→ WORK ITEM
Although the data below contains pictures, output only the lines between those holding "How To Make Batman Car Seat Covers" and "Black Lob With", inclusive, exactly and without those pictures.

→ RECORDS FOR PROCESSING

= Beginning of Section =

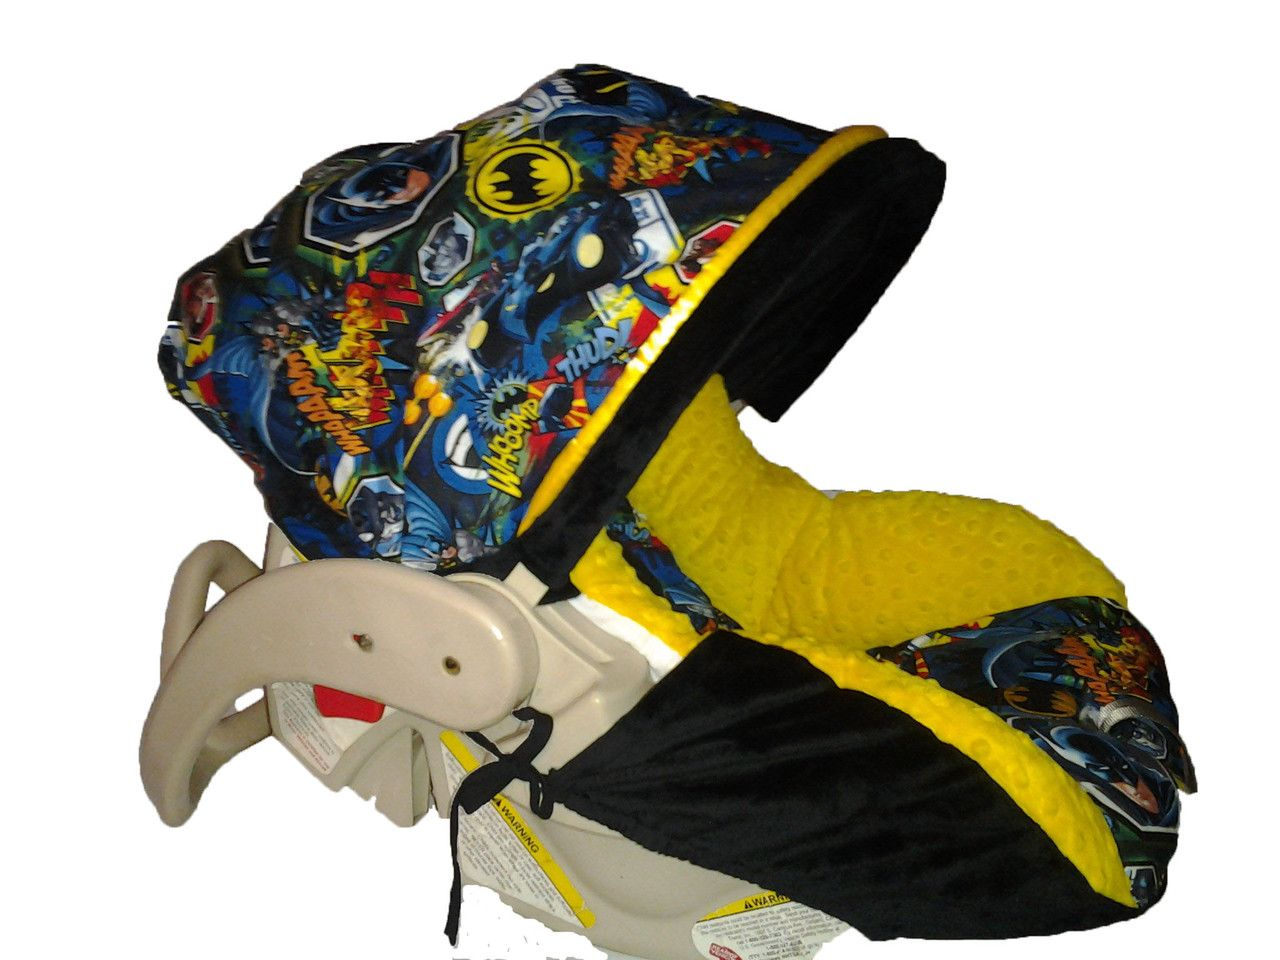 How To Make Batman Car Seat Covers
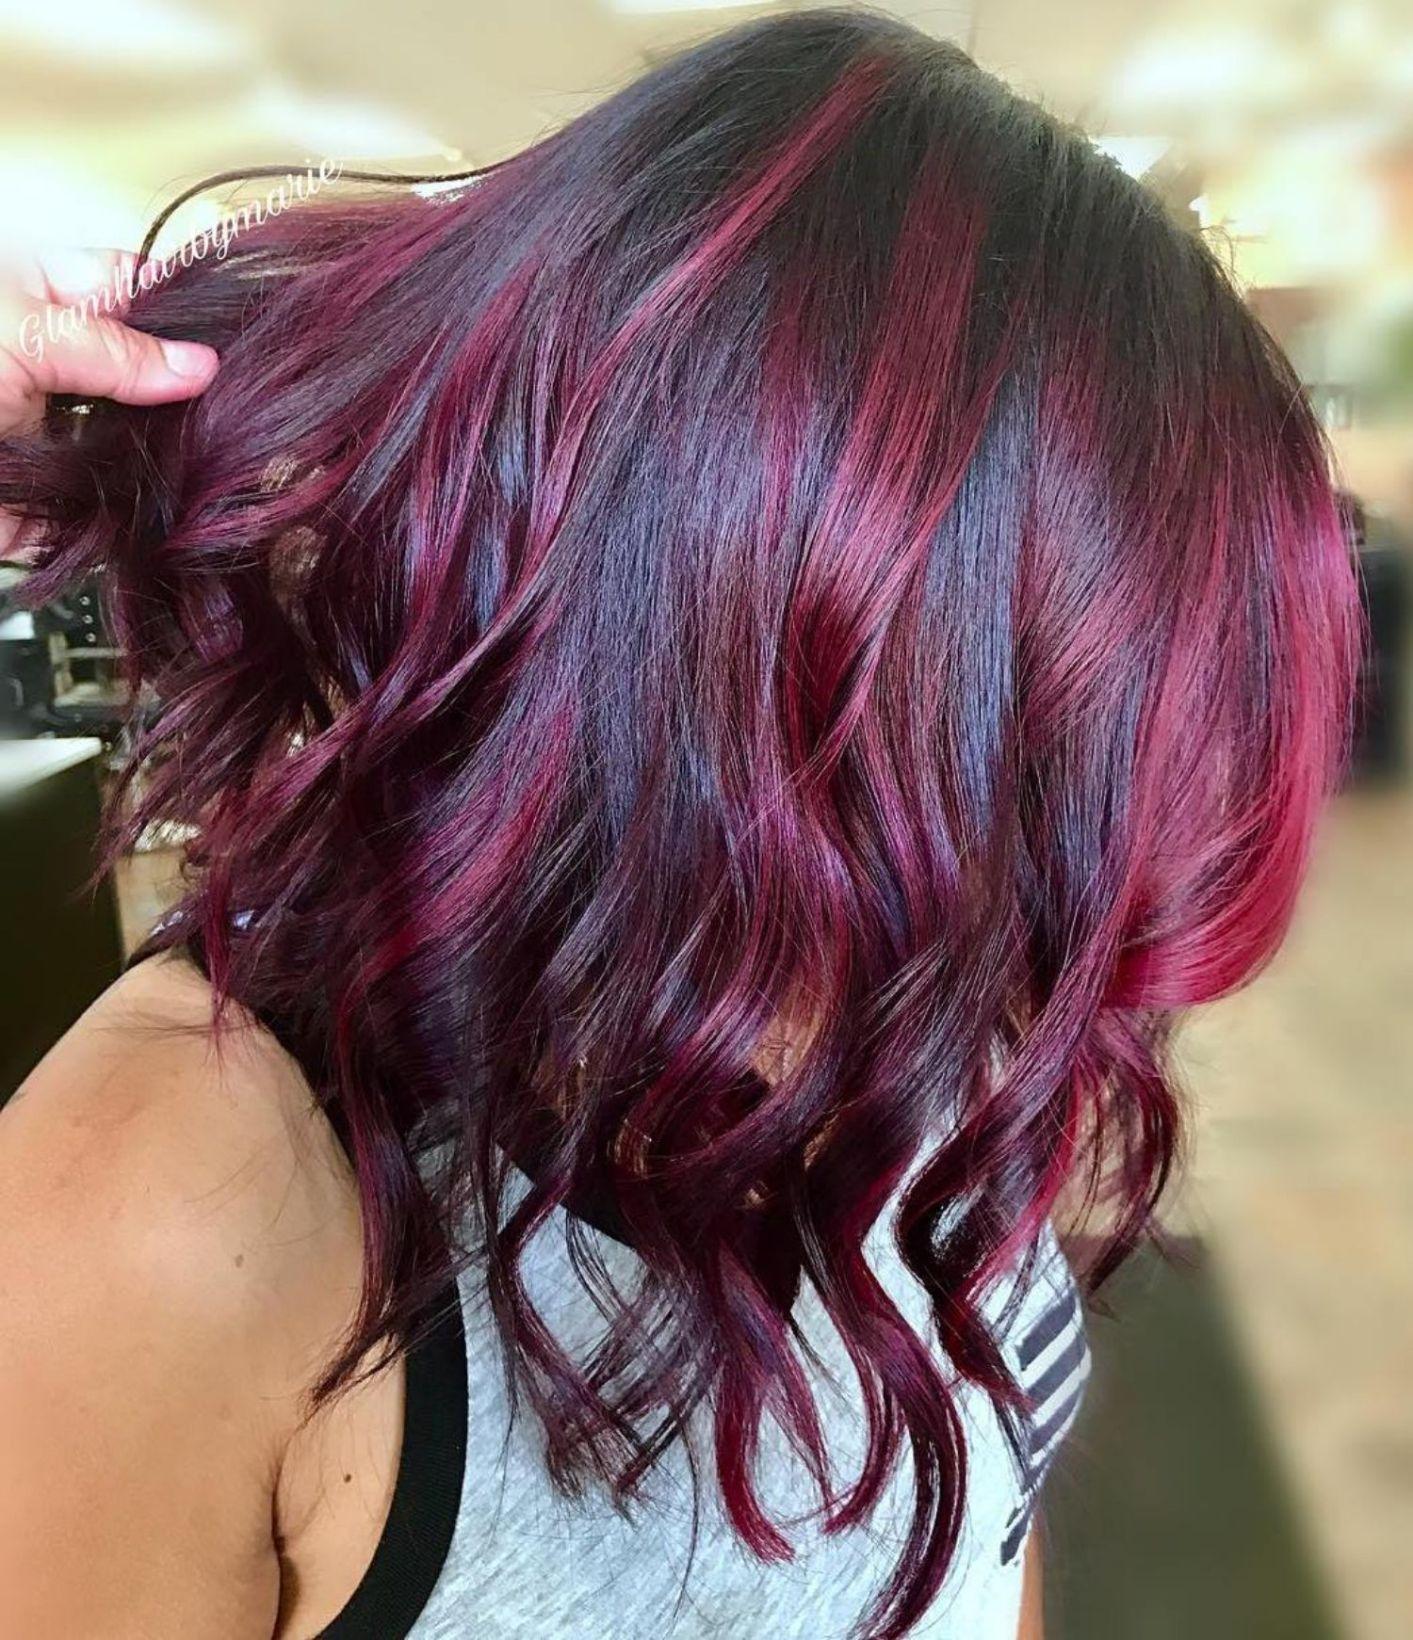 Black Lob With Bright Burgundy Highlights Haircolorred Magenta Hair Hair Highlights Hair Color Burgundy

= End of Section =
= Beginning of Section =

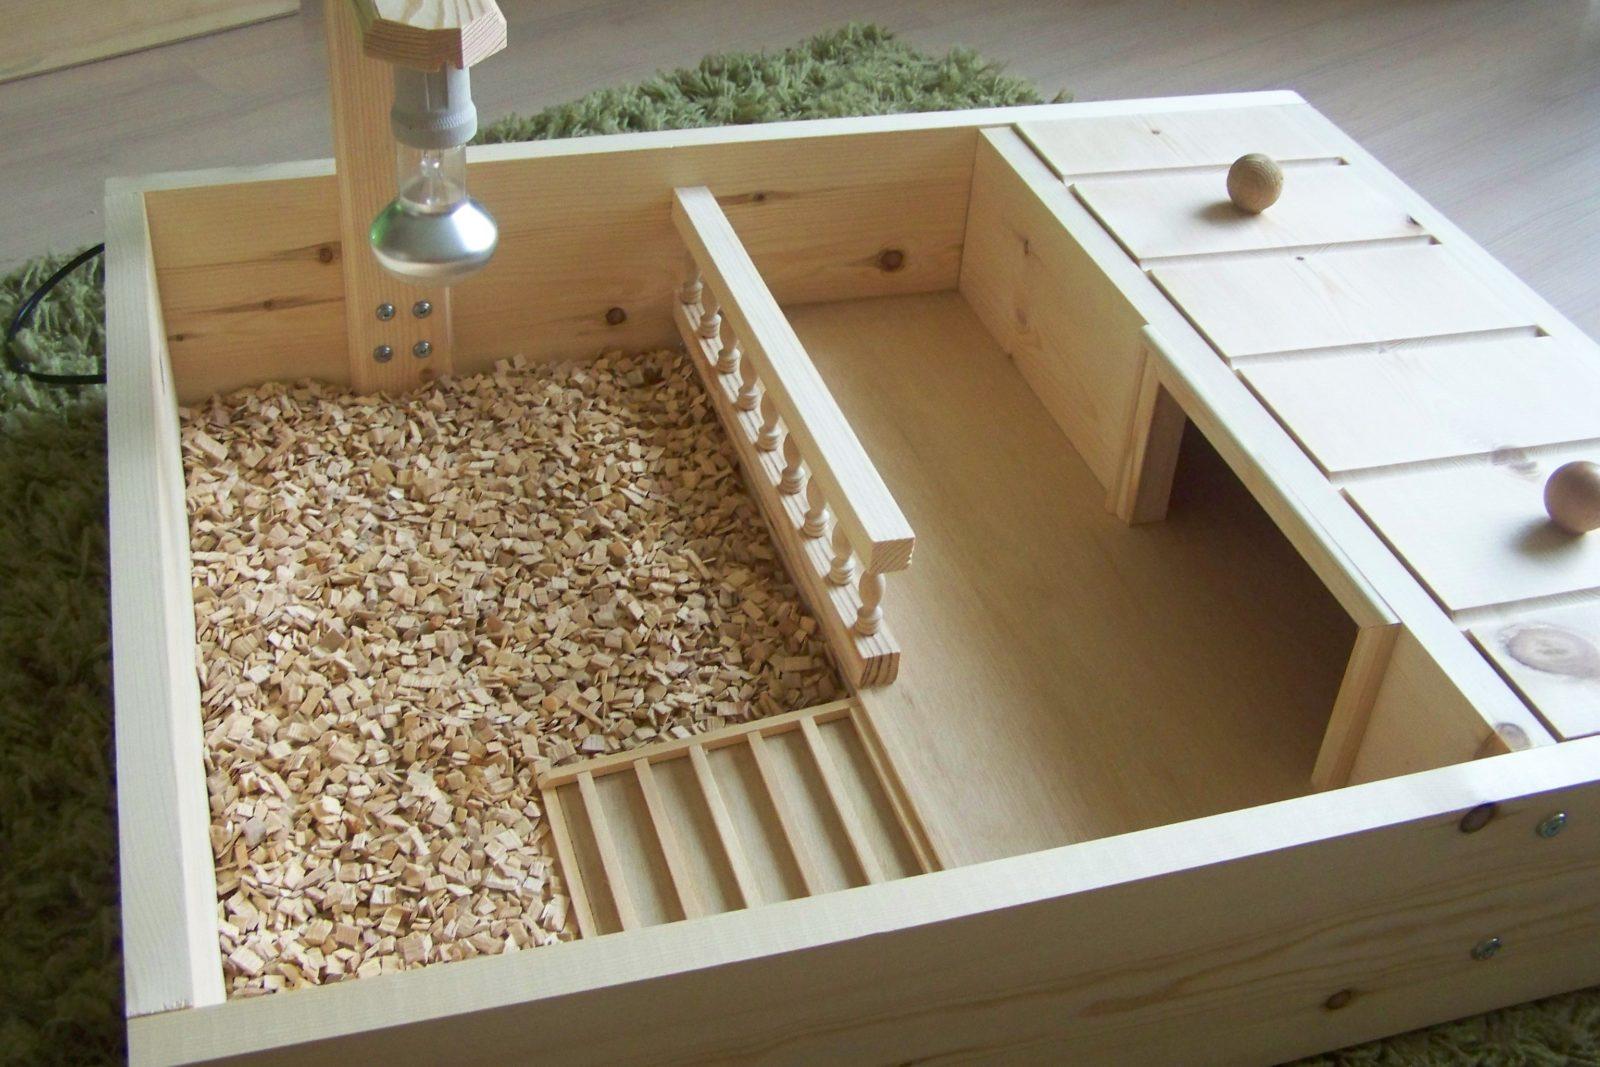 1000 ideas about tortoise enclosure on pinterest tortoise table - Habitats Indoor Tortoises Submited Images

= End of Section =
= Beginning of Section =

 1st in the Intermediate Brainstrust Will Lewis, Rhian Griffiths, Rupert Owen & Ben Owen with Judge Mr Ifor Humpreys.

= End of Section =

→ FINISHED TASK
 How To Make Batman Car Seat Covers
 Black Lob With Bright Burgundy Highlights Haircolorred Magenta Hair Hair Highlights Hair Color Burgundy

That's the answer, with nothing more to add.